Nothing outside the stretch is wanted. Repeat exactly the lines of the listing below from the one that contains "Кольца поршневые (комплект" through the one that contains "SERIE A Inter i Torino podijelili bodove", both ends included.

──────── Information supplied

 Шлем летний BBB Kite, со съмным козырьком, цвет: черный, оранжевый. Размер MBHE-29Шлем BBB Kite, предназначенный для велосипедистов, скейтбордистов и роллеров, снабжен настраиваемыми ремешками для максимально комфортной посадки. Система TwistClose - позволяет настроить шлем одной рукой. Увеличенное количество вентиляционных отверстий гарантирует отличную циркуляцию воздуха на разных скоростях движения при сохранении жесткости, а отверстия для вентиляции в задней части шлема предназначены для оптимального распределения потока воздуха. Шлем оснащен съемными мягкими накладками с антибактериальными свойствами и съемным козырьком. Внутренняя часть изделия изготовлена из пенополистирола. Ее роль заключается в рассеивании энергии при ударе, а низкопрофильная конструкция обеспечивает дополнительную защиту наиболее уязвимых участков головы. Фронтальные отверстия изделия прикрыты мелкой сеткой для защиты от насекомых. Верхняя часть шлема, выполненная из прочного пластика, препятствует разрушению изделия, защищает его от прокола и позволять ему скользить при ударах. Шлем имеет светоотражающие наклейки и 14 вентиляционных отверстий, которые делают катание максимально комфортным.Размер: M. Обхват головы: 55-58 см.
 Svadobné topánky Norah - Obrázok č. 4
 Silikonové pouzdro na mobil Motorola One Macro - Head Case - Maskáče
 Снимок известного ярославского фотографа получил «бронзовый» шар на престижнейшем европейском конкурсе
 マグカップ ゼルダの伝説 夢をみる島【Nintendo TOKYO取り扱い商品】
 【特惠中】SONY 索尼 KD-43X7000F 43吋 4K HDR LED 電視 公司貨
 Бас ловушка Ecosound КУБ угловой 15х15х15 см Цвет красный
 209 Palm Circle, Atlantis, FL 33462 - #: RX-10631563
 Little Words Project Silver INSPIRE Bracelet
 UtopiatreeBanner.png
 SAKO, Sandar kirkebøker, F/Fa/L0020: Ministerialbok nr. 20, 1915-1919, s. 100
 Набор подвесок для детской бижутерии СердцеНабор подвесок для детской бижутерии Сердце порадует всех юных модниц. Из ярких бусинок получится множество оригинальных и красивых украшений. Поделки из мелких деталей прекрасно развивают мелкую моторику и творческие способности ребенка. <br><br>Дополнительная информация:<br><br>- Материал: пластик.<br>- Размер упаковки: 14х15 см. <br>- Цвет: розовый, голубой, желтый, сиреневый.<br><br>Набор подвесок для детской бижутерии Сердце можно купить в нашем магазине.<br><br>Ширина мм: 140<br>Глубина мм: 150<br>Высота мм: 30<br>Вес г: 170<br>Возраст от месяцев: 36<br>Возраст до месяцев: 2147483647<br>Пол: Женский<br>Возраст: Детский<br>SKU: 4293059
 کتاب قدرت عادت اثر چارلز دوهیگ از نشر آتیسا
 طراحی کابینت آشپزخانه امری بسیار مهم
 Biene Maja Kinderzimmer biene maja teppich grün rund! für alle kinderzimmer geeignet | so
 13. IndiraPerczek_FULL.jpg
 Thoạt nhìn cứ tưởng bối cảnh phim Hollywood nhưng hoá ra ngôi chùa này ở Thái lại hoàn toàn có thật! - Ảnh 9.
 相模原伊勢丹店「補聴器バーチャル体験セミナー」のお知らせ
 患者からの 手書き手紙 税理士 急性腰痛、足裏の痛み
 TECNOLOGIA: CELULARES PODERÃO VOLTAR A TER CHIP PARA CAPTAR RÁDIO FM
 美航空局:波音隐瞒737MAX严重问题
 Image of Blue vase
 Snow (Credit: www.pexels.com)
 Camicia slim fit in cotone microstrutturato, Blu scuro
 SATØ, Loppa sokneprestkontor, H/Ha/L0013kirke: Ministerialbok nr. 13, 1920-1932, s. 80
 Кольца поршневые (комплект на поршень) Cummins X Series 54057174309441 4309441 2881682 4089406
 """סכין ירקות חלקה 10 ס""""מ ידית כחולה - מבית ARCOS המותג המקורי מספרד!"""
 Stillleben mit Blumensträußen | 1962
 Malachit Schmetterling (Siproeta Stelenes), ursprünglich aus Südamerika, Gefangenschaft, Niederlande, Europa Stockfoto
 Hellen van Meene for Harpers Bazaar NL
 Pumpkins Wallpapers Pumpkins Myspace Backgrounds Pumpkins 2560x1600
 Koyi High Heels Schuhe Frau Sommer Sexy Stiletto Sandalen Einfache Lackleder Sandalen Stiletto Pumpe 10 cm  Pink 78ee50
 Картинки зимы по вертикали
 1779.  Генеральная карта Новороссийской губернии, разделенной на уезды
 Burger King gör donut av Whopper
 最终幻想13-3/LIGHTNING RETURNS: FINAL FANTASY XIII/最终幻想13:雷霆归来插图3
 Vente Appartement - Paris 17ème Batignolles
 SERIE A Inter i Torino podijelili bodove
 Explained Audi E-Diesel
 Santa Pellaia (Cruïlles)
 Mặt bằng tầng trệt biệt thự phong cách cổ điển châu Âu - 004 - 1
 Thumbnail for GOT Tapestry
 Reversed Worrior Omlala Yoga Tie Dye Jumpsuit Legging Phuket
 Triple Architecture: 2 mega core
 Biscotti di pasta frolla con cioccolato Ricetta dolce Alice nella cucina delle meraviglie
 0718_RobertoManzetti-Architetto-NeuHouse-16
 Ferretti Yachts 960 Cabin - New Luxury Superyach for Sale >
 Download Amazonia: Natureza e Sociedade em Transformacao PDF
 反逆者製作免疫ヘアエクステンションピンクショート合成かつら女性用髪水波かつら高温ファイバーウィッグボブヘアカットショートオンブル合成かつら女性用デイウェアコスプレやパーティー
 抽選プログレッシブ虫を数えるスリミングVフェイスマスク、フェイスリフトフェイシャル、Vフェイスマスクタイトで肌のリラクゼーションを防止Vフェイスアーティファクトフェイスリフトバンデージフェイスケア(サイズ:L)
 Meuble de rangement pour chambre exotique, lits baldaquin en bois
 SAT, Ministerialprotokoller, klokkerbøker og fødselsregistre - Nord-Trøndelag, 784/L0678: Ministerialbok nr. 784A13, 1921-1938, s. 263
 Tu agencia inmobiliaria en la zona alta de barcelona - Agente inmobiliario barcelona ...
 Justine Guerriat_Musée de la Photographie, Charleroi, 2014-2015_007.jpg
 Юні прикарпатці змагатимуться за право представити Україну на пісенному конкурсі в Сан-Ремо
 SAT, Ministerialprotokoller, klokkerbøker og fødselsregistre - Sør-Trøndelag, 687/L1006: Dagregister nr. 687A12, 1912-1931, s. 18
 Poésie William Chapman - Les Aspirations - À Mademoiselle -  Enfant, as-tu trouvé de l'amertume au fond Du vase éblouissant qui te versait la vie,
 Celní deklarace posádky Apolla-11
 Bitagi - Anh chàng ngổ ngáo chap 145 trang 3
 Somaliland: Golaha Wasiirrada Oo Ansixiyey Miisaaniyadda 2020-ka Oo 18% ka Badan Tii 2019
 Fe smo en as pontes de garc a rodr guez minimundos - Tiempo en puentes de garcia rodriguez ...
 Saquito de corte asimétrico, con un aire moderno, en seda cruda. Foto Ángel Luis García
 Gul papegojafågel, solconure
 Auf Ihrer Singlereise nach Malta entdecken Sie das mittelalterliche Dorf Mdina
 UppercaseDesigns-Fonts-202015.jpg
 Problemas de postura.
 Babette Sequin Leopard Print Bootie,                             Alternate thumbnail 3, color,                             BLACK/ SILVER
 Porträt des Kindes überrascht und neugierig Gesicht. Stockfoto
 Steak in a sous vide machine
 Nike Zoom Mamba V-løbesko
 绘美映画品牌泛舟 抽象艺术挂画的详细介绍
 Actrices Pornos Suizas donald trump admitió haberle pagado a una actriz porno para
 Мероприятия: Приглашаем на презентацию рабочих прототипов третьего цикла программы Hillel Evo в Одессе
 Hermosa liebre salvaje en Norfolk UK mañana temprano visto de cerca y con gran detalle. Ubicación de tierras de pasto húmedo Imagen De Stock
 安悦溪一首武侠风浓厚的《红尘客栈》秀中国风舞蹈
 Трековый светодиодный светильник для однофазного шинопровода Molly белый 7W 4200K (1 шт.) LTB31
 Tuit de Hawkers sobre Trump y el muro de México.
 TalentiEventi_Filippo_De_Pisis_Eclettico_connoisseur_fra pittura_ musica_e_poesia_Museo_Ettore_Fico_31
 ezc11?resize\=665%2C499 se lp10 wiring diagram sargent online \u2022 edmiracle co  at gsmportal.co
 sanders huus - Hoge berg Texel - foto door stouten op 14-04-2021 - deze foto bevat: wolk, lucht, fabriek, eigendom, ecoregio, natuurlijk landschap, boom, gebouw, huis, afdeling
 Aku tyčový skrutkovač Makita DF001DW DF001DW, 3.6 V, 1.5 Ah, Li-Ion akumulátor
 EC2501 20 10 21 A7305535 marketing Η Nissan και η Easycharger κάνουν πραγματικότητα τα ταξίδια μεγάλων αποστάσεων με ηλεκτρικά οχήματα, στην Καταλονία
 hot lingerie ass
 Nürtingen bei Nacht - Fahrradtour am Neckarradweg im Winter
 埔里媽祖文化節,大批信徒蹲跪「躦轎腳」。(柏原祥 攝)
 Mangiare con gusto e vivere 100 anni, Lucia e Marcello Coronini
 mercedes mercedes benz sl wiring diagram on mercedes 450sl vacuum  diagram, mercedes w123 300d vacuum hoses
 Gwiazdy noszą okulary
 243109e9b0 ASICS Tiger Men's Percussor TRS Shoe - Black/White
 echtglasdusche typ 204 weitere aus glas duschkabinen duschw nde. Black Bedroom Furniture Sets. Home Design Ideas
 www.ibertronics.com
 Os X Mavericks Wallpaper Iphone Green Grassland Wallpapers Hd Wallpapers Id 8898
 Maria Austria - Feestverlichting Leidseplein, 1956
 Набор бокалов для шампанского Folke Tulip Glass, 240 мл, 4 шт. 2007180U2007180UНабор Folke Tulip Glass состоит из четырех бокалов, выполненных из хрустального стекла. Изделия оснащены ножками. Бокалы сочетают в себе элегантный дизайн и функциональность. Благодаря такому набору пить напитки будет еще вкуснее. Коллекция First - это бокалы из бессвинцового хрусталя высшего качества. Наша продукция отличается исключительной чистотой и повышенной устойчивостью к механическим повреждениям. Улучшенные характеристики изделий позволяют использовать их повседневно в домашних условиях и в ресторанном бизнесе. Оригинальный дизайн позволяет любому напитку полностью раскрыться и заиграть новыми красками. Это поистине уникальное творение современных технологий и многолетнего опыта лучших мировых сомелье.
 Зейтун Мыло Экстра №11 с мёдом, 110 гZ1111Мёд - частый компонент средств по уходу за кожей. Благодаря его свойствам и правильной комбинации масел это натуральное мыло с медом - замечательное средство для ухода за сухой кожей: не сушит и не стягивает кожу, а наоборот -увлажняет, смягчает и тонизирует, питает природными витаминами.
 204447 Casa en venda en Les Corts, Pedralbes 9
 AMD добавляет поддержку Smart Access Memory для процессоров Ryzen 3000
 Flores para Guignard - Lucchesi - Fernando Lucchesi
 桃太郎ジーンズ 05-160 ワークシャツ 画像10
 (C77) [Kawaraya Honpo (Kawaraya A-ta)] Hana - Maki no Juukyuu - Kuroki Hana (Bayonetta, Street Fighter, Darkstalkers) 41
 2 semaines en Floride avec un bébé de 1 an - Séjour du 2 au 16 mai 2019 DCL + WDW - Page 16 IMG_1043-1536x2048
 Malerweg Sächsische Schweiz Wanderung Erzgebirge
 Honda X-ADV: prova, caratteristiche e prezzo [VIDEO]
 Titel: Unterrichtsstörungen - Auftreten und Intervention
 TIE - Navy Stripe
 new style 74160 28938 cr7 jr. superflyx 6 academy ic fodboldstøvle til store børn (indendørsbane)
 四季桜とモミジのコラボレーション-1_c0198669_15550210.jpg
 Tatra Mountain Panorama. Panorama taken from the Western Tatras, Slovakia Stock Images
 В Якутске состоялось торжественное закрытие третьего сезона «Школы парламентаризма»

────────────────

* Response
 Кольца поршневые (комплект на поршень) Cummins X Series 54057174309441 4309441 2881682 4089406
 """סכין ירקות חלקה 10 ס""""מ ידית כחולה - מבית ARCOS המותג המקורי מספרד!"""
 Stillleben mit Blumensträußen | 1962
 Malachit Schmetterling (Siproeta Stelenes), ursprünglich aus Südamerika, Gefangenschaft, Niederlande, Europa Stockfoto
 Hellen van Meene for Harpers Bazaar NL
 Pumpkins Wallpapers Pumpkins Myspace Backgrounds Pumpkins 2560x1600
 Koyi High Heels Schuhe Frau Sommer Sexy Stiletto Sandalen Einfache Lackleder Sandalen Stiletto Pumpe 10 cm  Pink 78ee50
 Картинки зимы по вертикали
 1779.  Генеральная карта Новороссийской губернии, разделенной на уезды
 Burger King gör donut av Whopper
 最终幻想13-3/LIGHTNING RETURNS: FINAL FANTASY XIII/最终幻想13:雷霆归来插图3
 Vente Appartement - Paris 17ème Batignolles
 SERIE A Inter i Torino podijelili bodove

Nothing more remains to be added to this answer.